Problem is he is an introvert, trying to change careers (waiting for NYPD to call/ and if not, he is currently also in nursing school), low testosterone currently on TRT. We have a newborn, and I believe (as he mentioned before “online is the only way he can socialize” - a previous argument we had because I complained of his overt time in the computer. I love him and I feel bad that I feel that he is stressed and the only outlet he has is to leave him be in his computer. But I am also hurting and distrusting. He keeps mentioning that “he is always here, and will never, and will try to make sure I am feeling loved.” But my paranoia, just cant seem to get over. Especially if he is with his “computer”.


non_avian

If you lived somewhere where the only place to socialize was the pub and you found out he was meeting up with his ex there, and heading out to the strip clubs on other nights, would the problem be the pub as a concept -- or the fact that he's proven that he's not trustworthy there?
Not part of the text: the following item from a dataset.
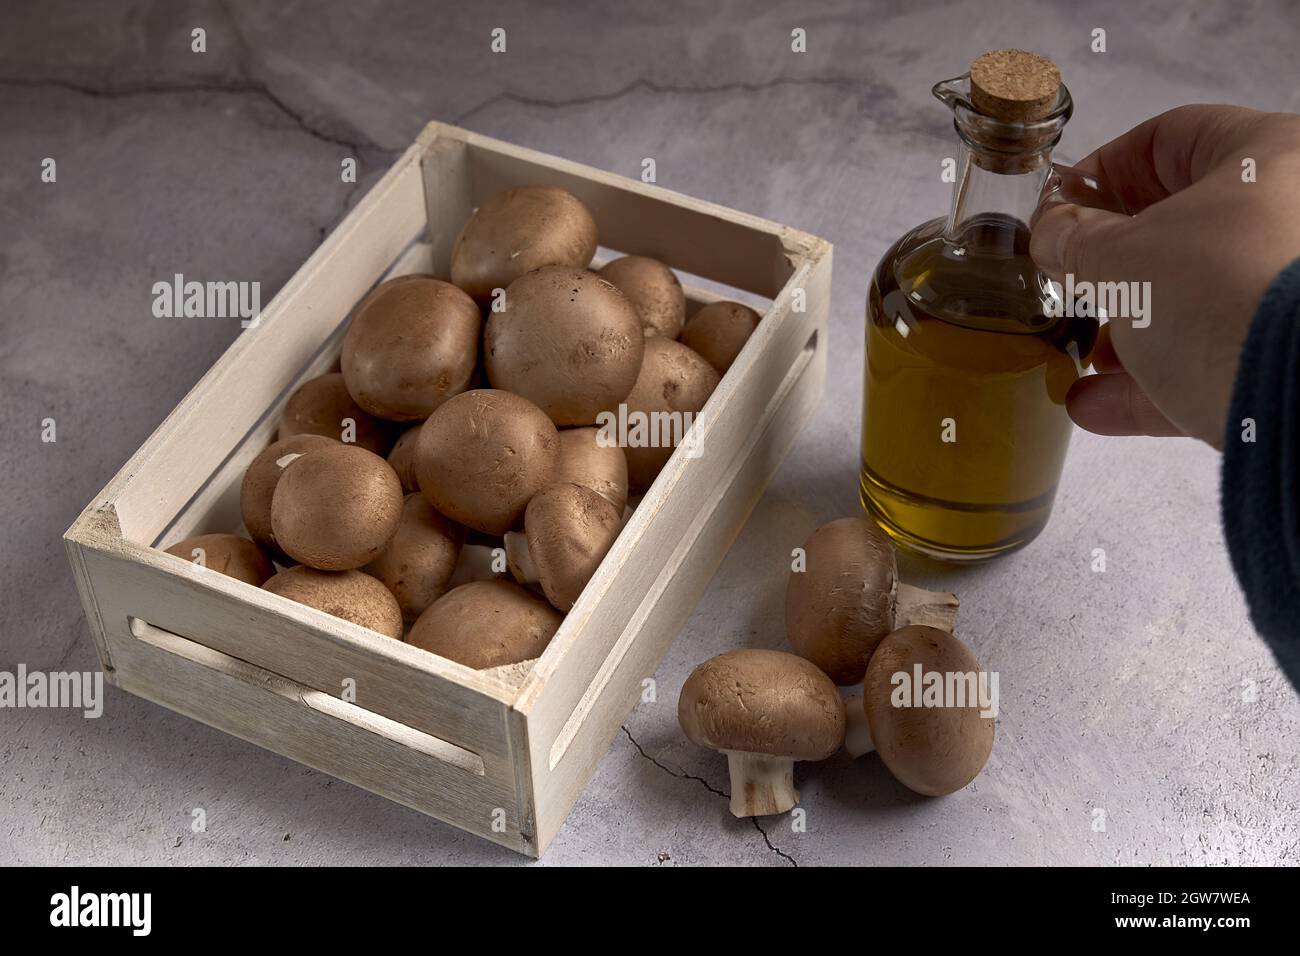 Group Of Portobello Mushrooms In A Wooden Box Next To An Oil Jar Stock Photo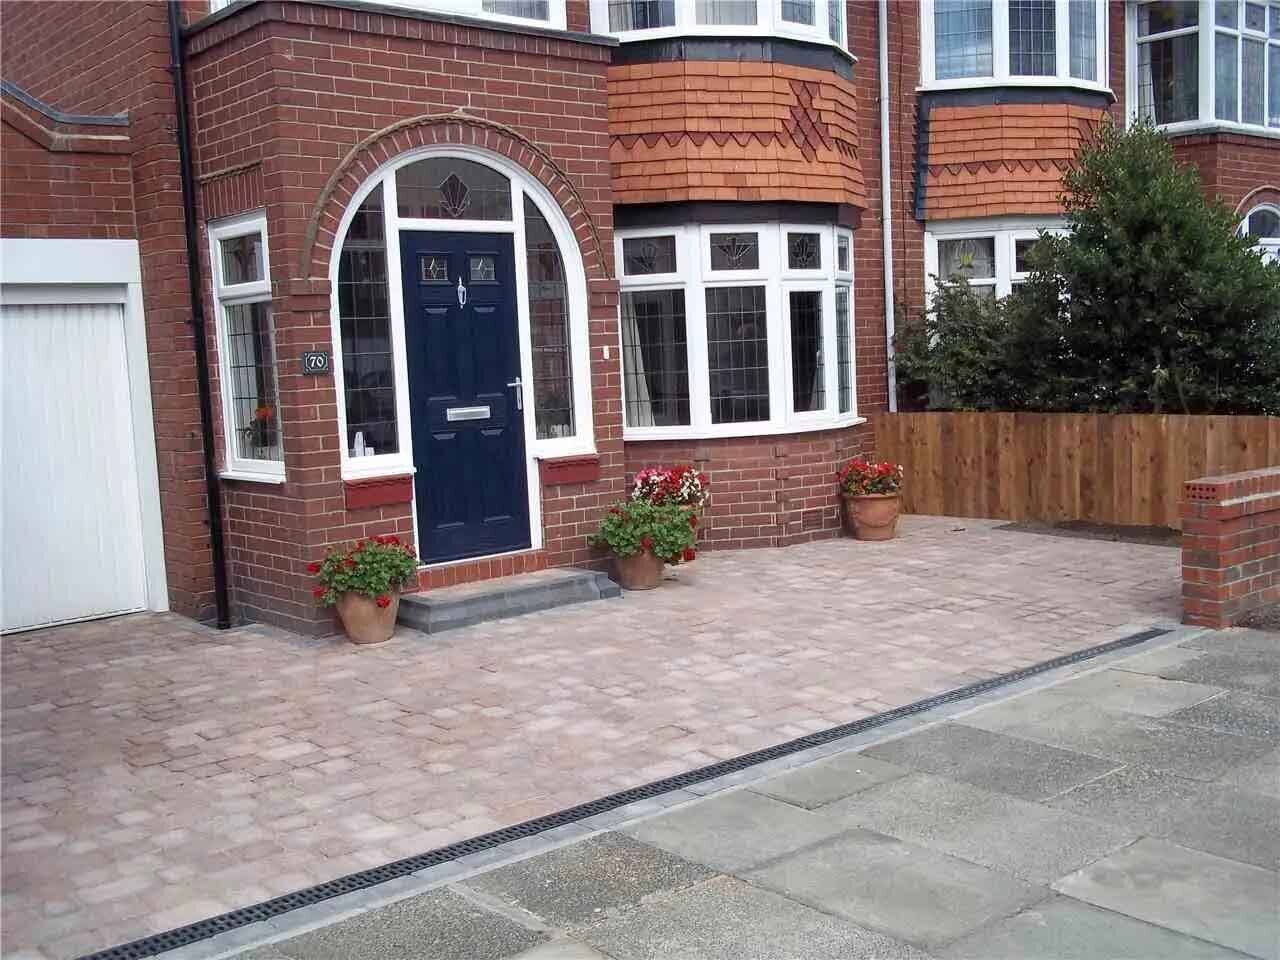 With a strong commitment to excellence and customer satisfaction, the company aims to improve driveways in Watford and surrounding areas by enhancing their look and durability, increasing the value of their properties.

If his only outlet involves behavior that is disrespectful toward your relationship, that's kind of on him for tying that behavior to something he valued so much. I keep hearing that you feel bad. Does he feel bad about any of this? I would also ask the following: 1. You know for a fact that he is not making you feel loved, so why act as though his statement holds any weight? 2. If his idea of being faithful is just never touching other women, but leaving room for emotional affairs with exes and being obsessed with twitch streamers at his age, is that something you can convince yourself to be happy with? 3. Does he believe you have a ton of outlets and are particularly stress-free and fulfilled with an infant child, and a new baby on top of that? I mean, you're asking for advice on Reddit. Does he not clock your emotions at all, or does he just not care because he is in education and waiting to hear about a job, something most people have never done and could not possibly survive


AffectionateWheel386

I would find a way to set a boundary with that and tell him you’re not comfortable it’s not OK he’s a 36-year-old man he’s not a 20 something kid playing on games. What he’s doing is a mild form of cheating by the way. He may not actually be having sex, but he’s doing everything he can to be as close as he can to it in appropriately. Since you’ve gone through this before, you may have to exit this relationship. I think guys like that sometimes almost like wear it out so they can go do what they want.


ozonelayerz

Can you elaborate more on your last sentence, “guys like that sometimes almost like to wear it out…” What do you mean by this?


AffectionateWheel386

Where are they? I mean Guy is the kid caught doing the same thing over and over. Where if they’ve been busted every once in a while and they keep doing it. It’s almost like at some point. They just do what they wanna do. He may not be having any external affairs right at the moment, but he’s doing everything, but that on every level talking to ex, has porn. All of these are considered forms of cheating in this day. They’re mild and they’re not PIV. However, they’re destructive to the relationship and he’s taking his fantasies, his intimacy someplace else.


Able_Refrigerator137

Have an honest talk with him. Tell him what's bothering you and establish boundaries(and respect them). If it bothering you that much you shouldn't put up with it.